▸ **Entries supplied**:
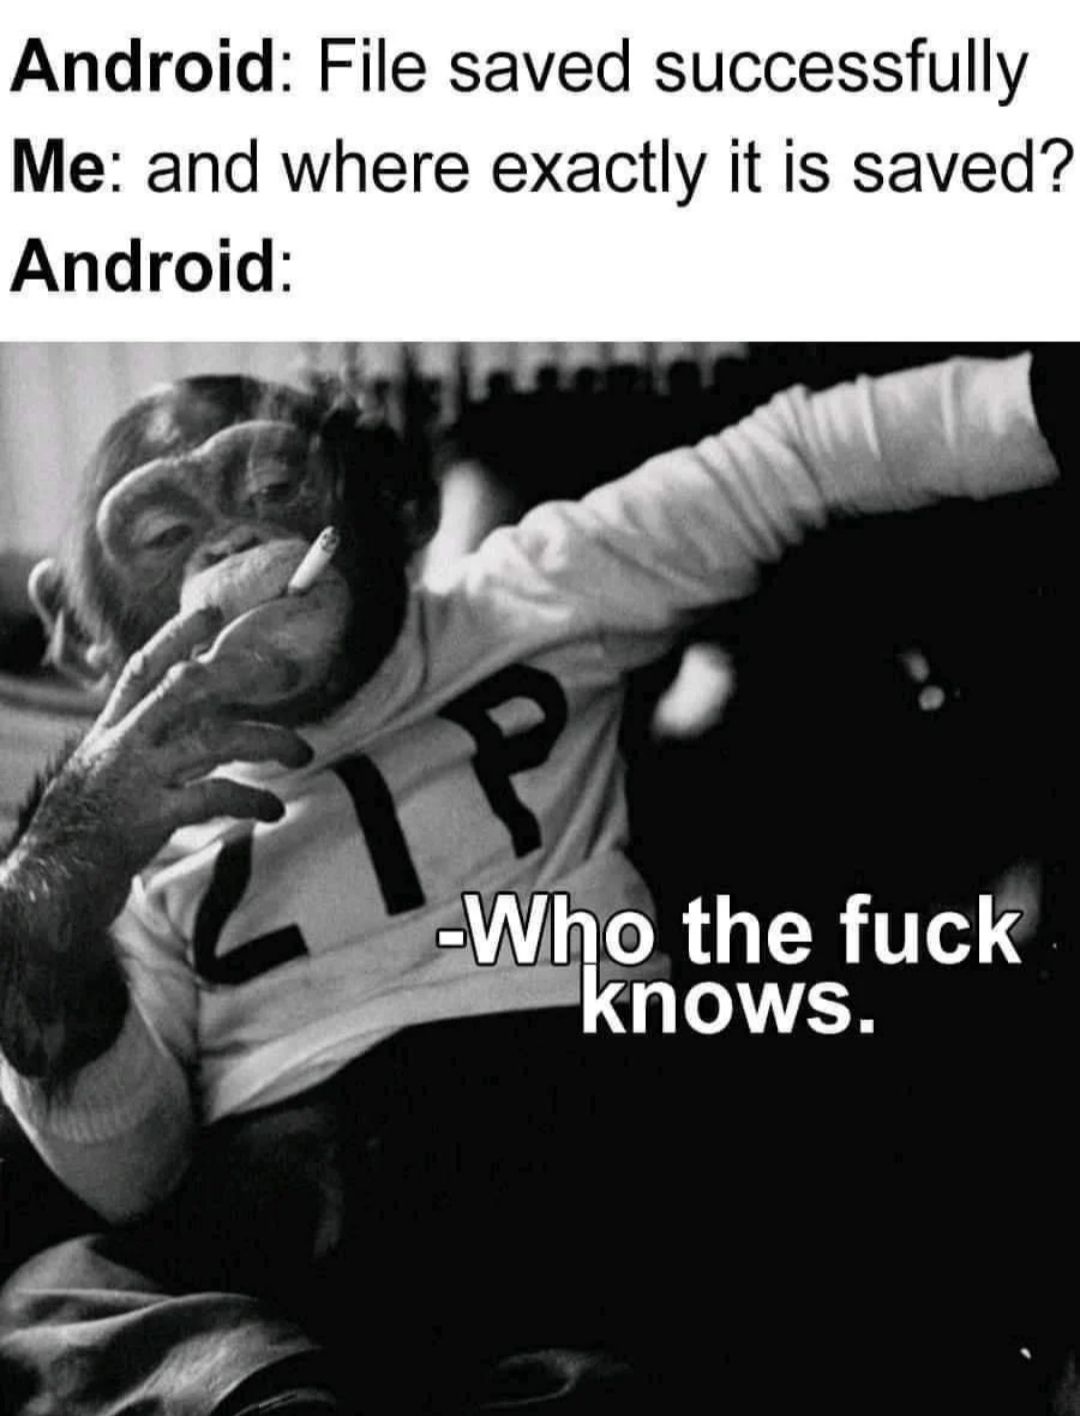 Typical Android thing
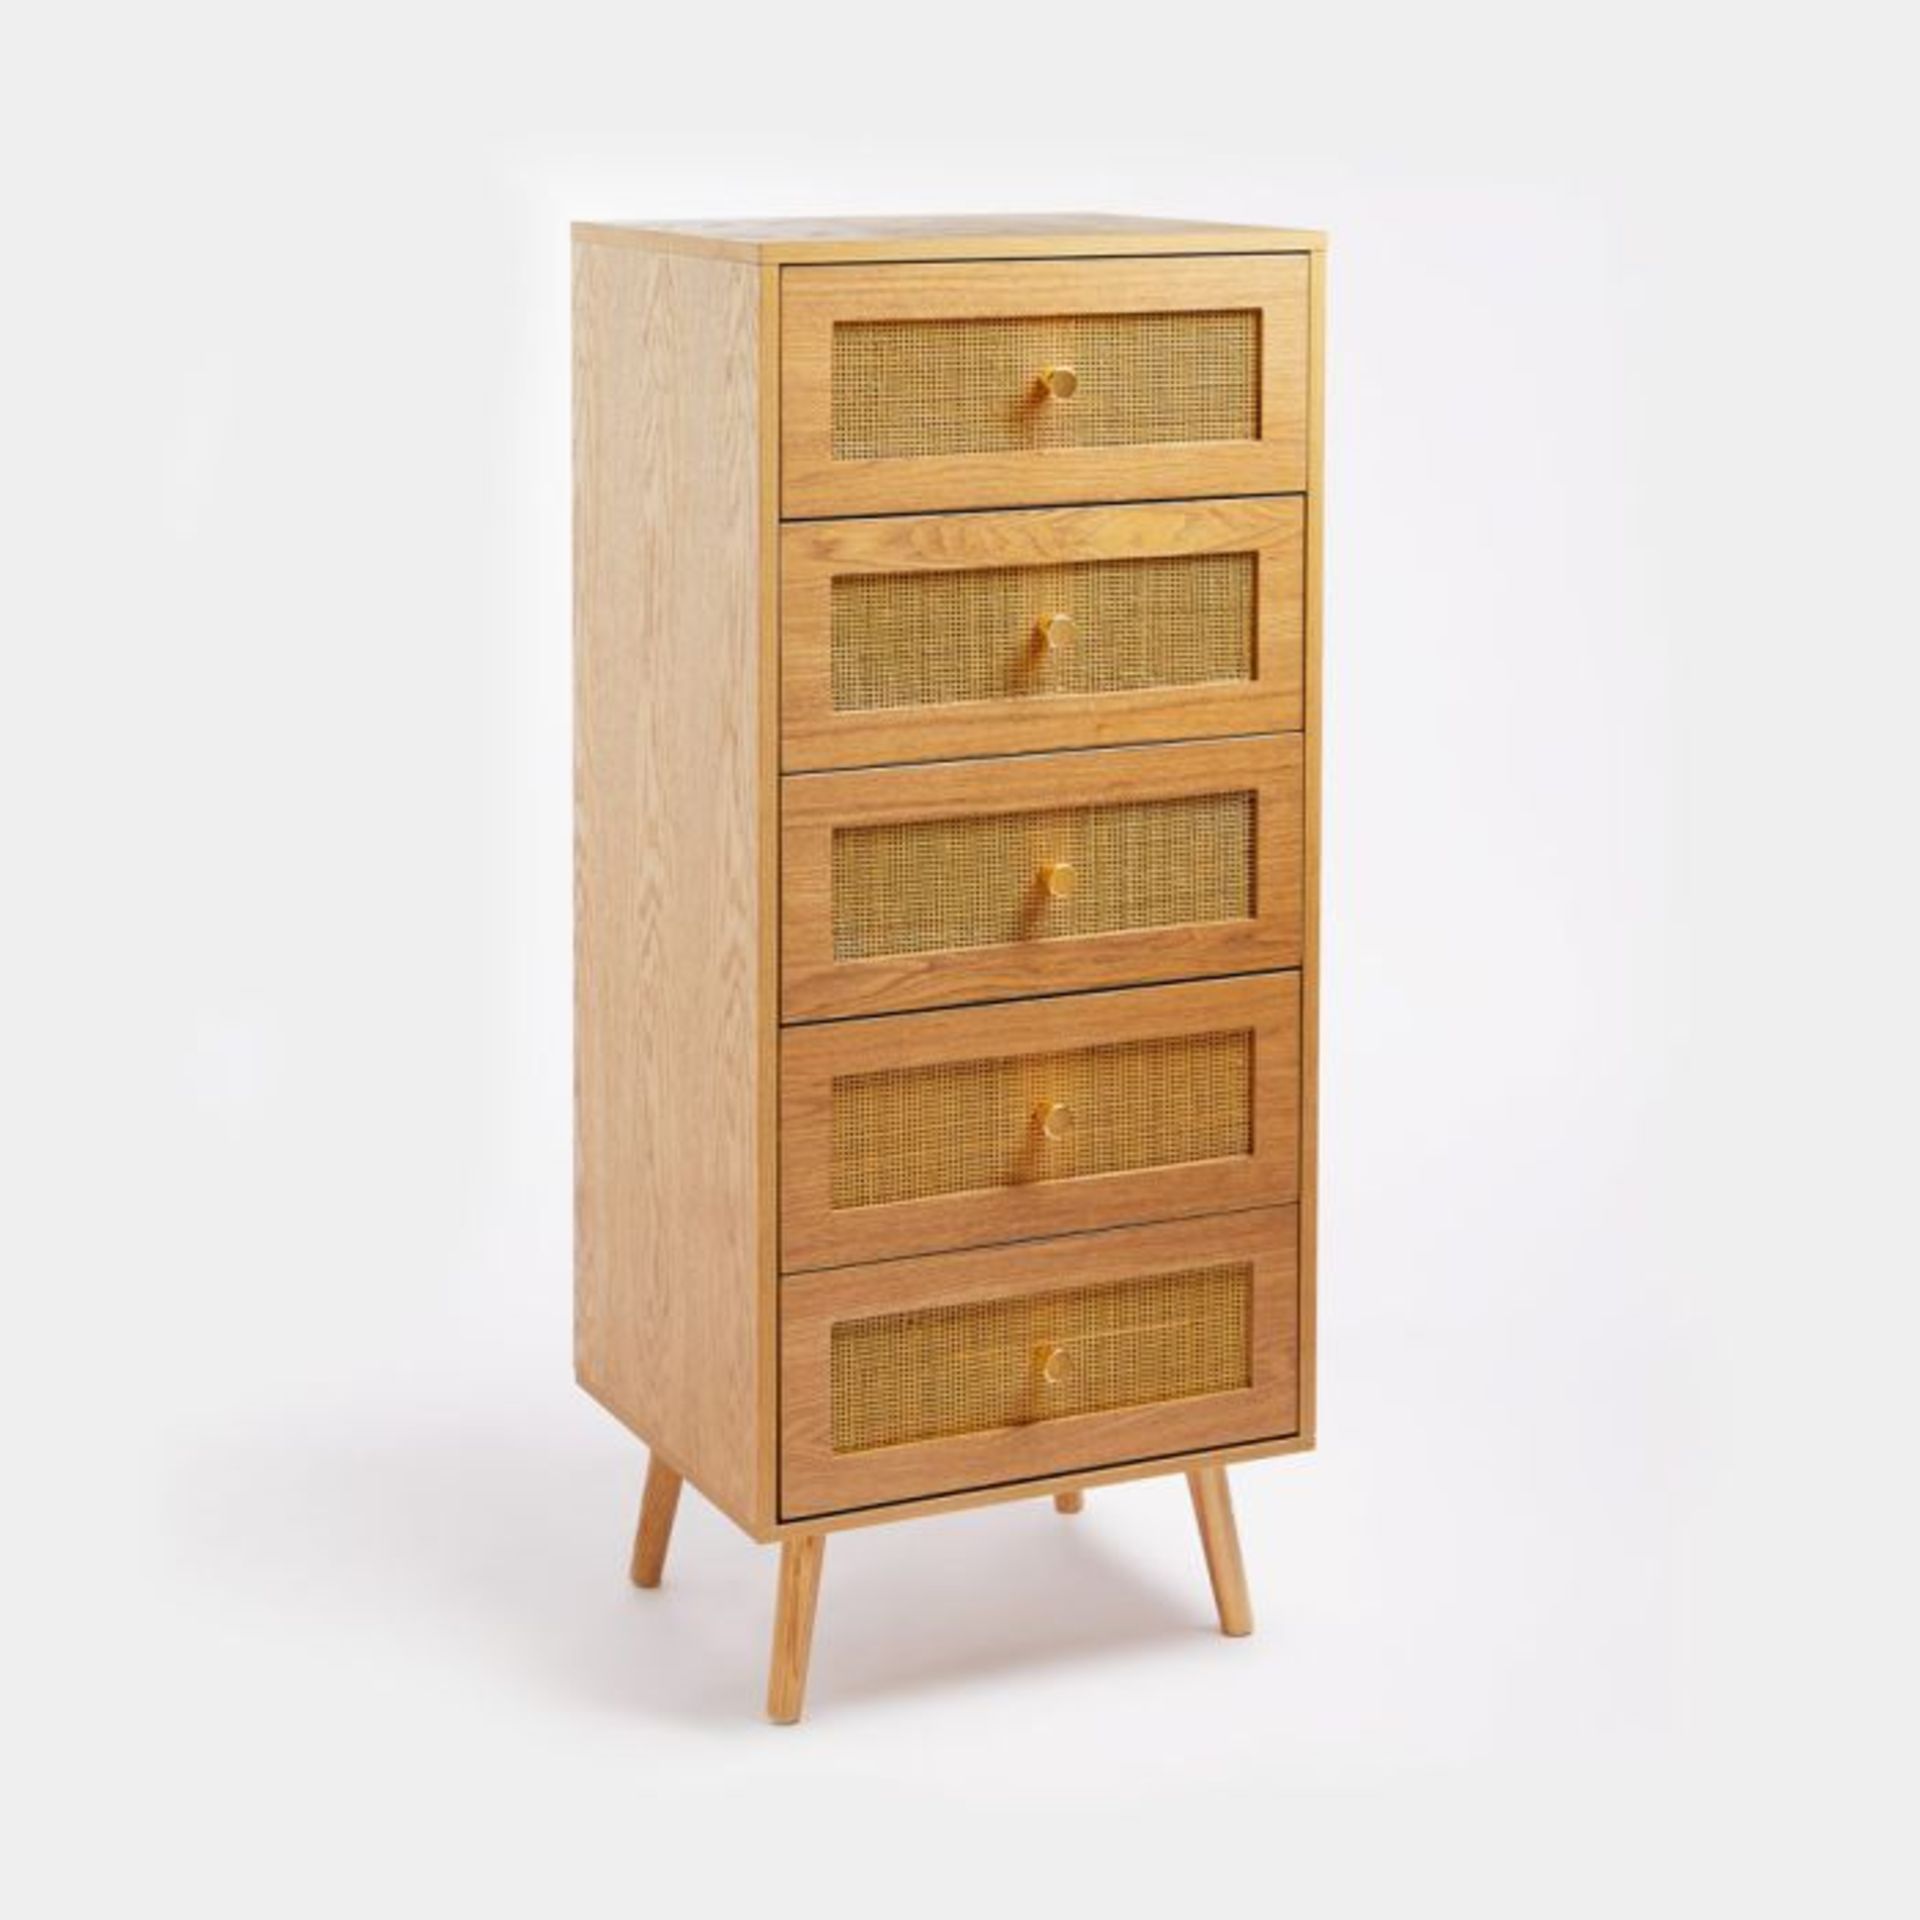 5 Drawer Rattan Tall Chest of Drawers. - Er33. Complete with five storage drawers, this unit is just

--

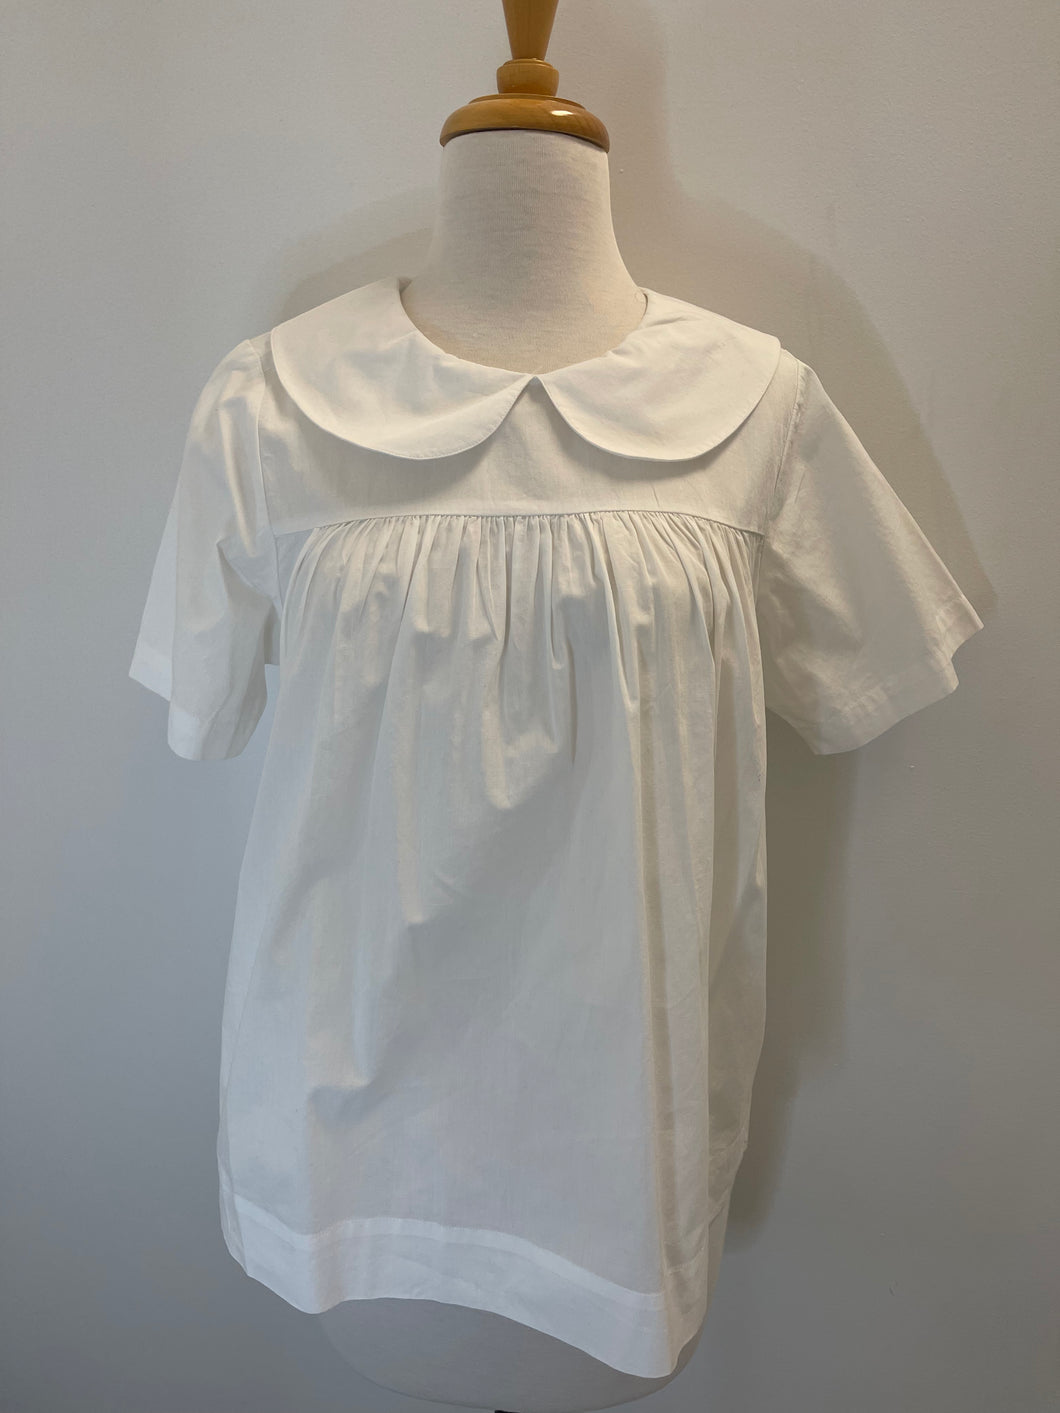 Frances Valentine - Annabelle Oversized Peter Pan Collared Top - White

▸ **What you need to do**:
In the data above, retype only the stretch from the line with "Typical Android thing" through the line with "5 Drawer Rattan", word for word, and skip any pictures.

▸ **Result**:
 Typical Android thing
 5 Drawer Rattan Tall Chest of Drawers. - Er33. Complete with five storage drawers, this unit is just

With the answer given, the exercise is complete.